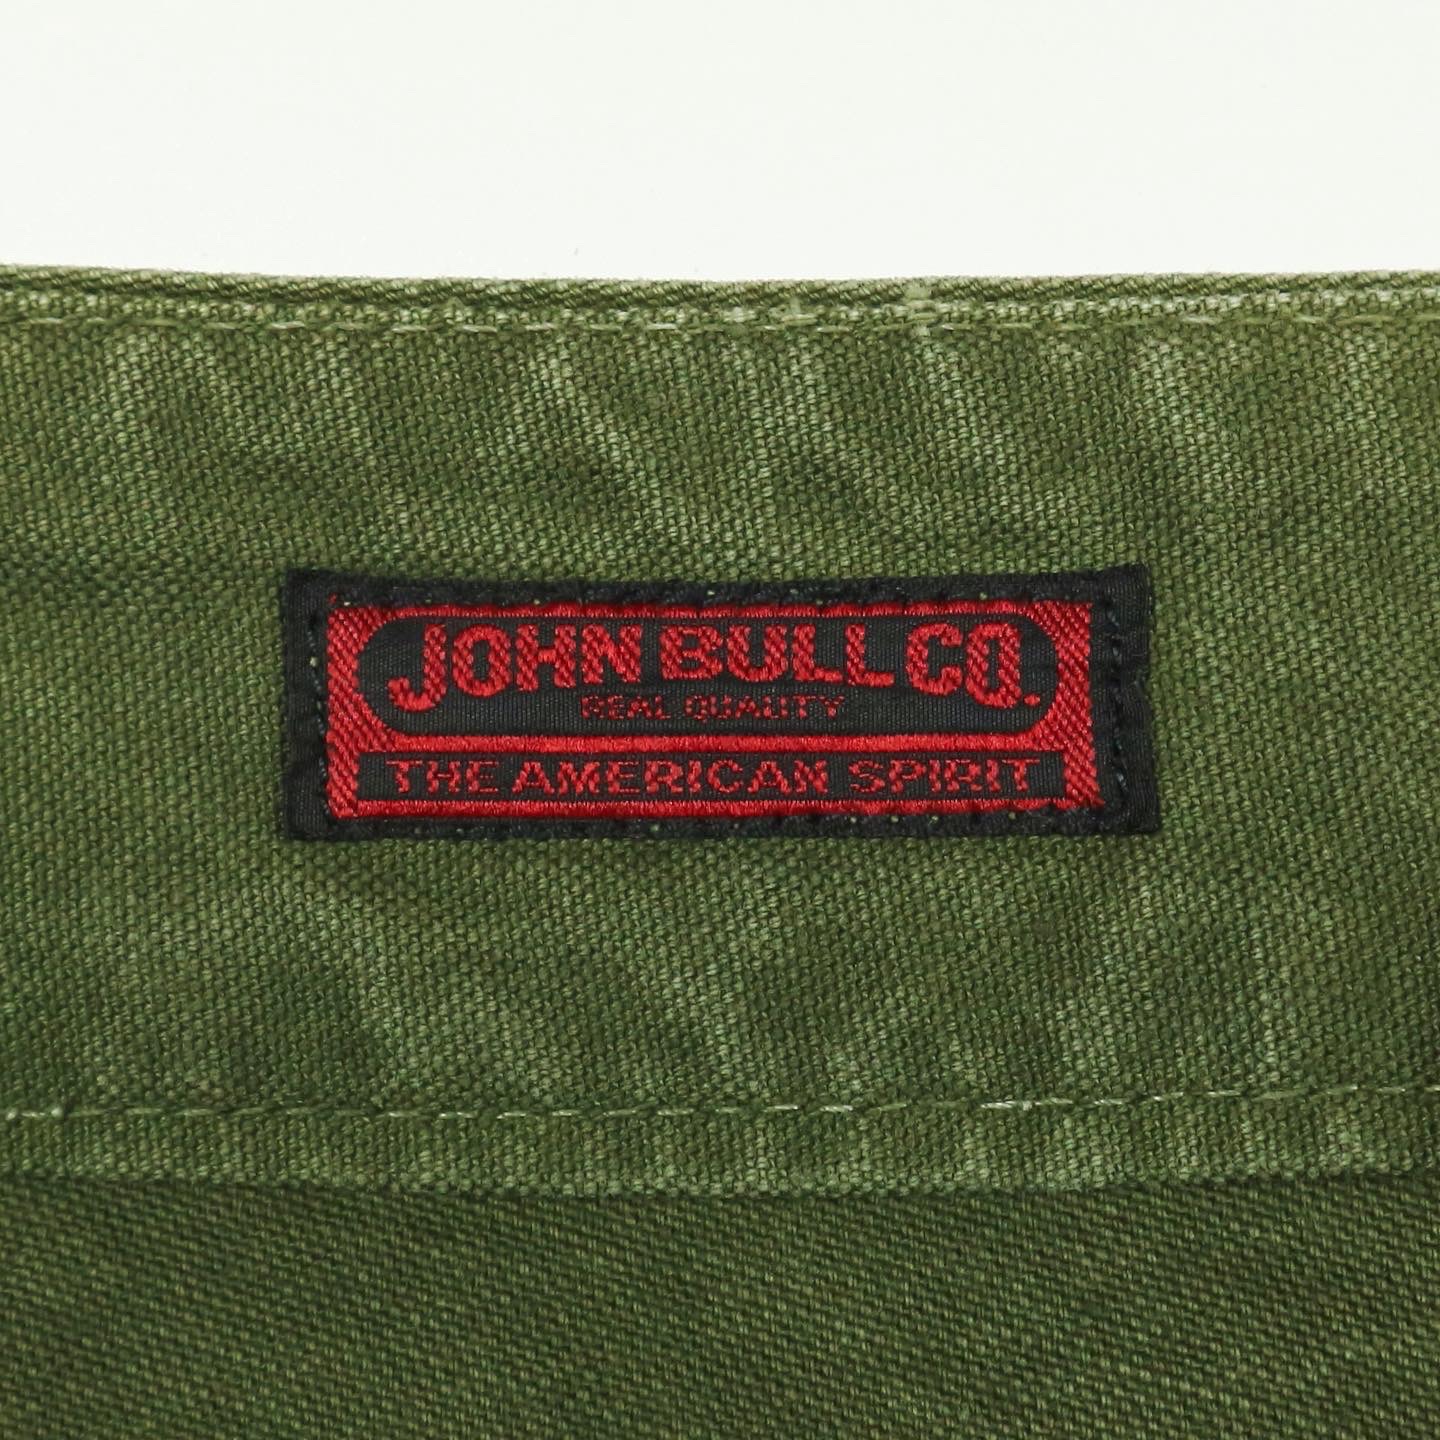 Johnbull Canvas Cargo Pants Size 29
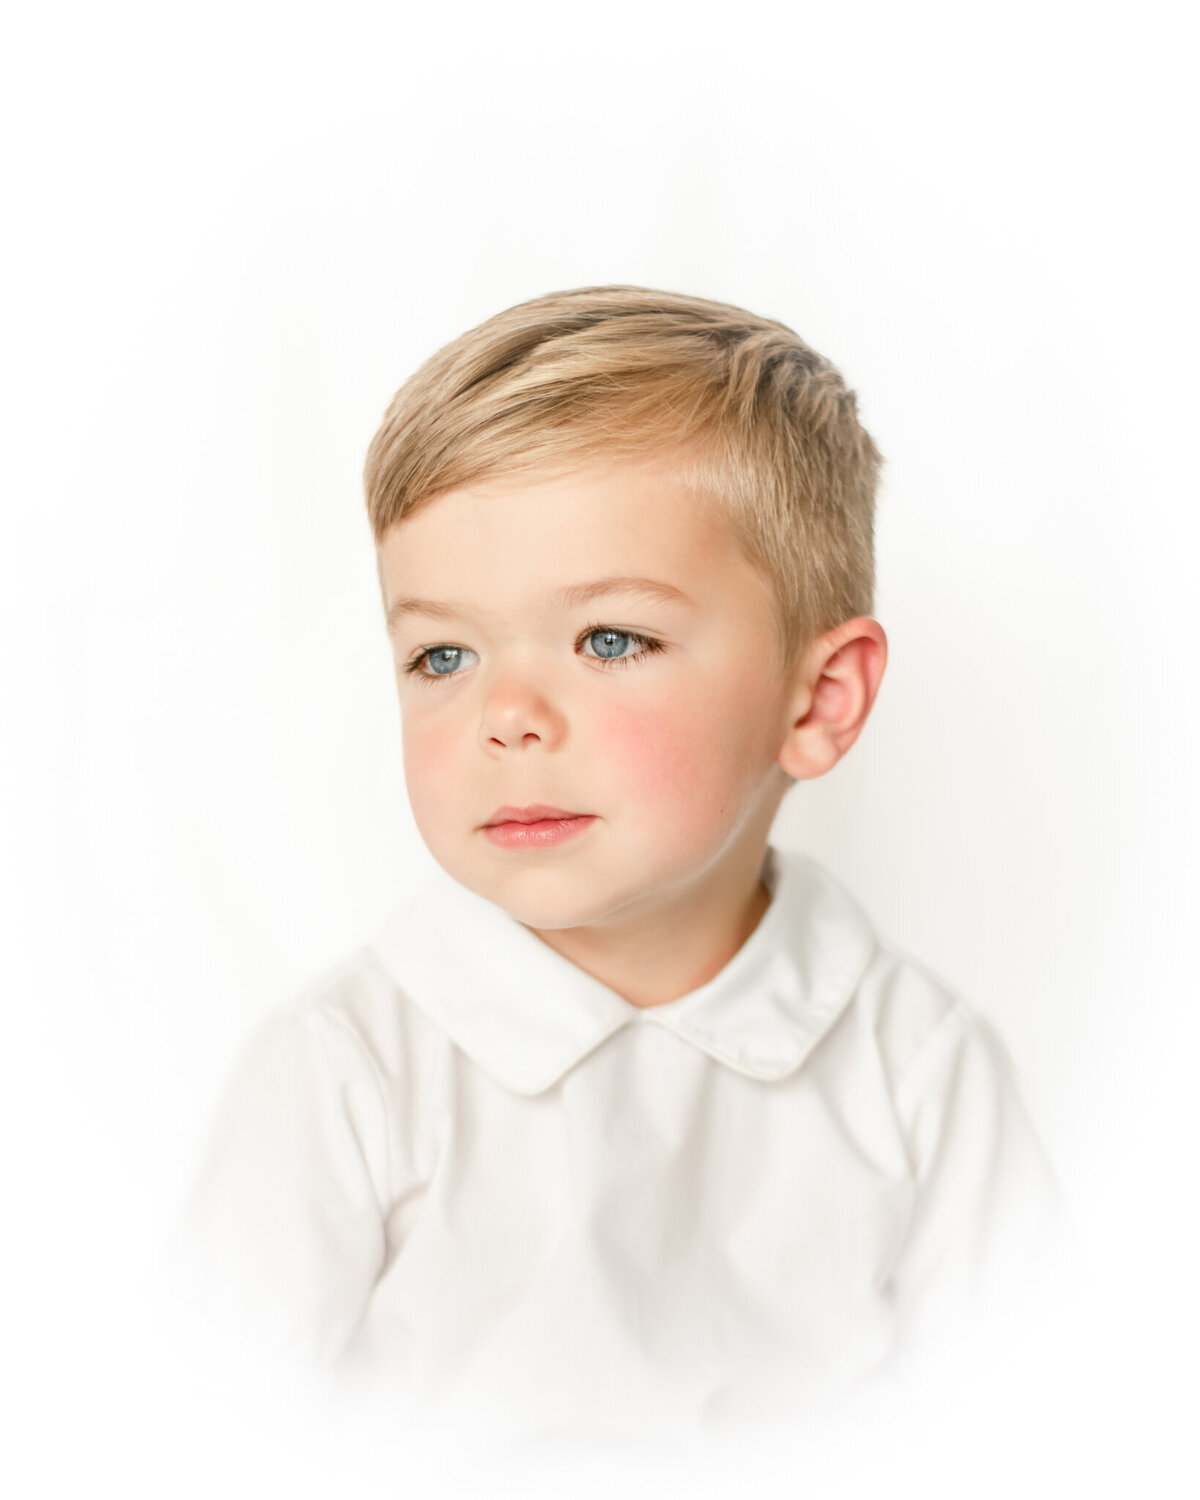 Vignette portrait of a little boy smiling to the side
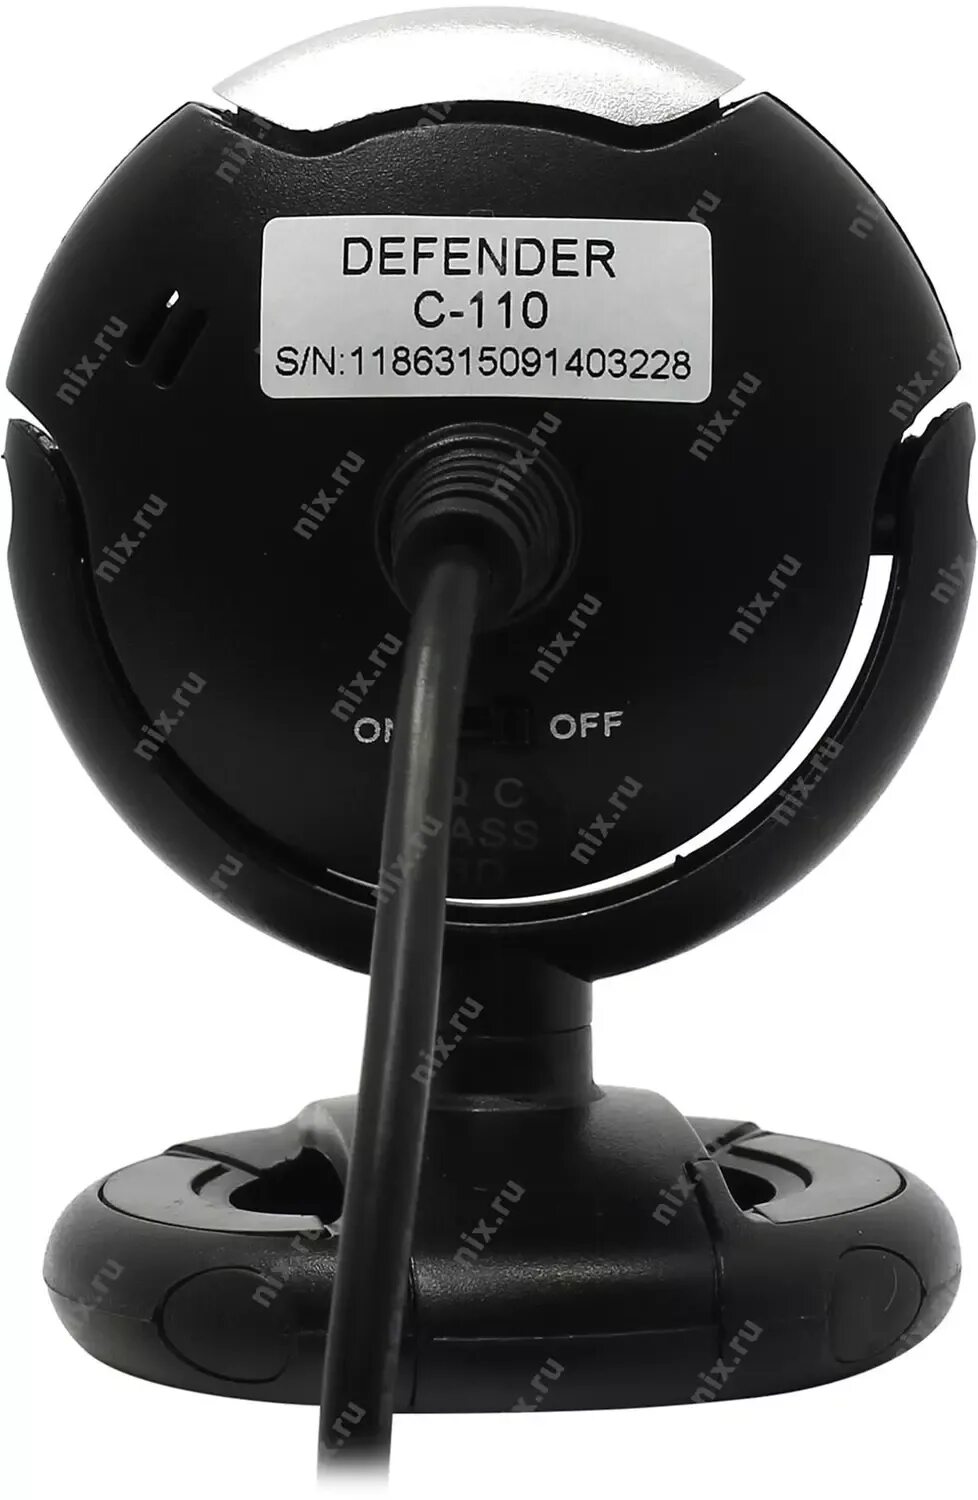 Defender c 110. Web-камера Defender c-110. Веб-камера Defender c-110 (USB2.0, 640x480, микрофон, подсветка). Веб камера Дефендер с 110. Веб-камера Defender c-110 (63110).

* * *

WORK TASK> Would you please copy the listing exactly, omitting every picture?

TASK ANSWER>
 Johnbull Canvas Cargo Pants Size 29
 Vignette portrait of a little boy smiling to the side
 Defender c 110. Web-камера Defender c-110. Веб-камера Defender c-110 (USB2.0, 640x480, микрофон, подсветка). Веб камера Дефендер с 110. Веб-камера Defender c-110 (63110).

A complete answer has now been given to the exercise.